Recorded data:
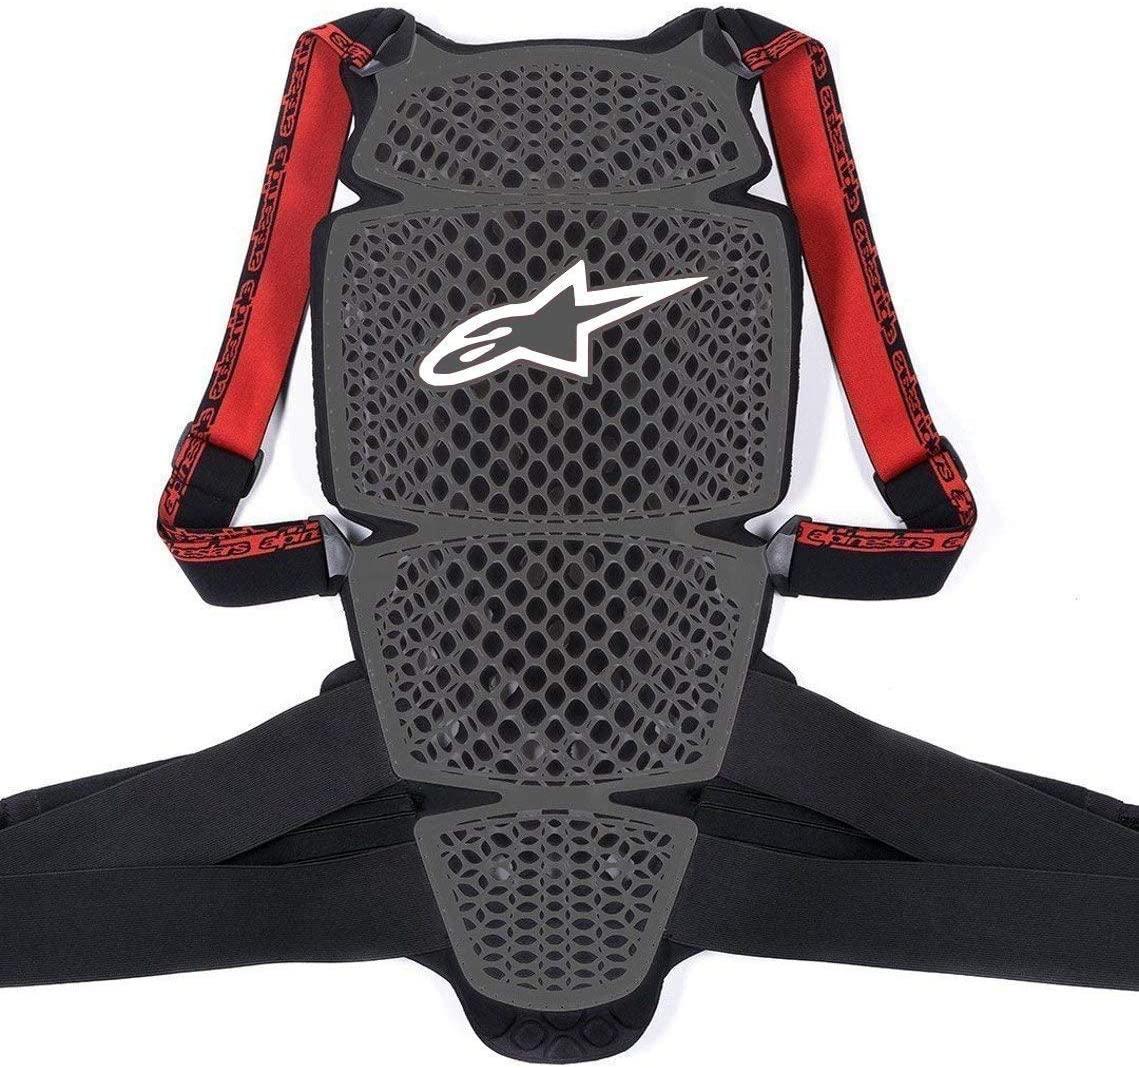 Alpinestars Men's Nucleon KR-Cell Motorcycle Back Protector, Smoke Black/Red, Medium
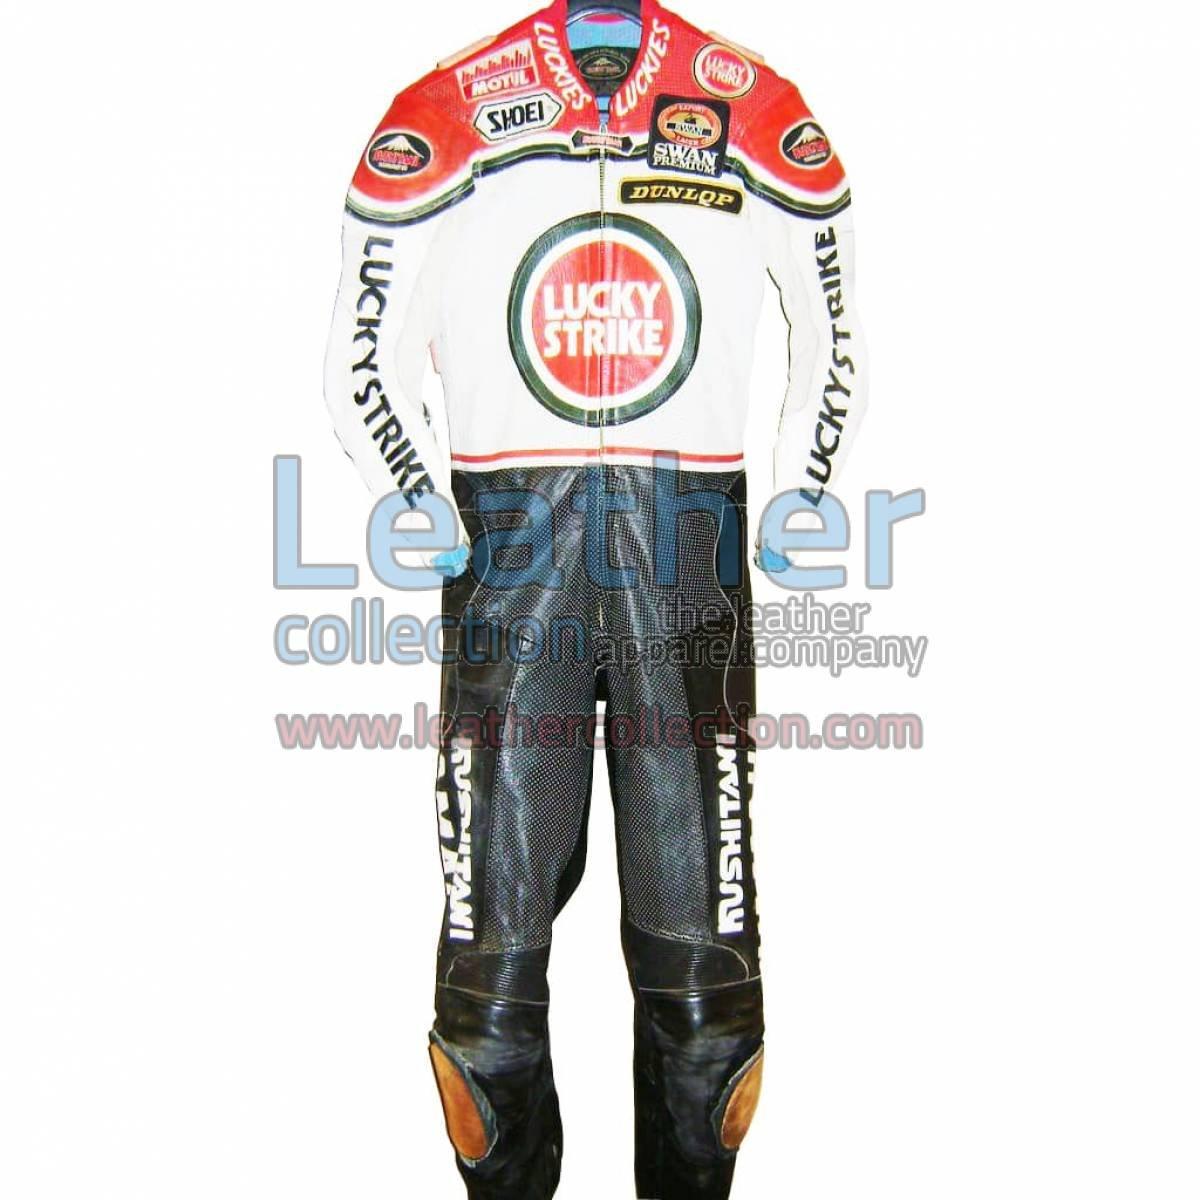 Kevin Magee Yamaha GP 1989 Race Suit
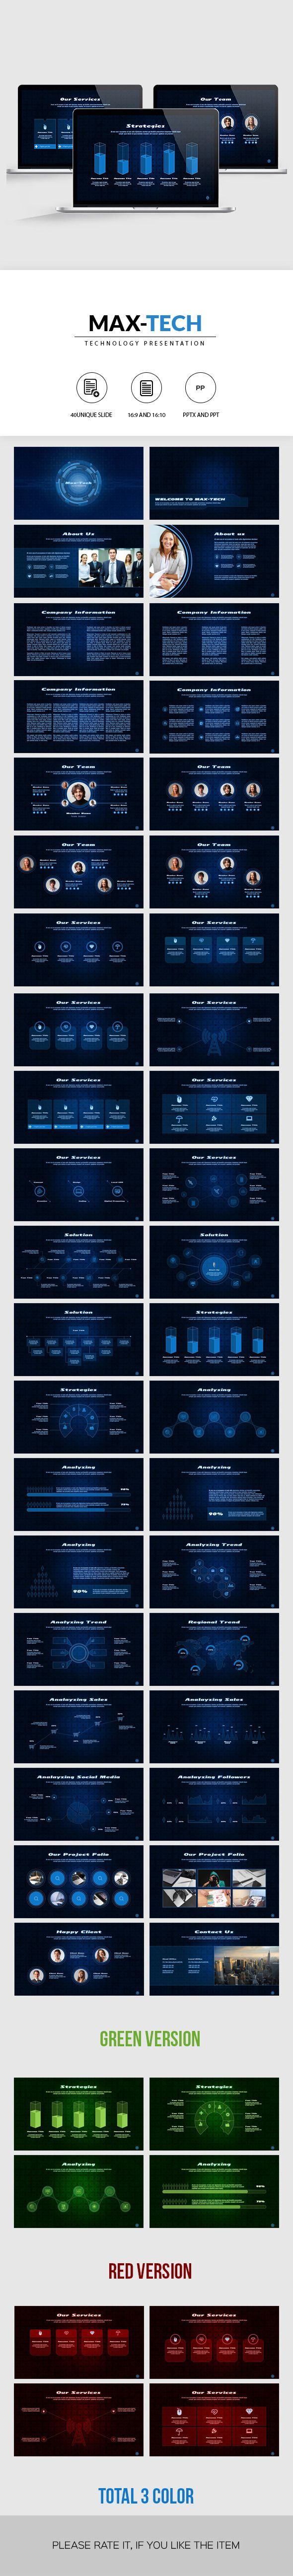 Max-Tech | Technology PowerPoint Presentation - Business PowerPoint Templates

What this task involves: Only the pictures are to be left out; write out all the other data exactly.

Output of the task:
 Alpinestars Men's Nucleon KR-Cell Motorcycle Back Protector, Smoke Black/Red, Medium
 Kevin Magee Yamaha GP 1989 Race Suit
 Max-Tech | Technology PowerPoint Presentation - Business PowerPoint Templates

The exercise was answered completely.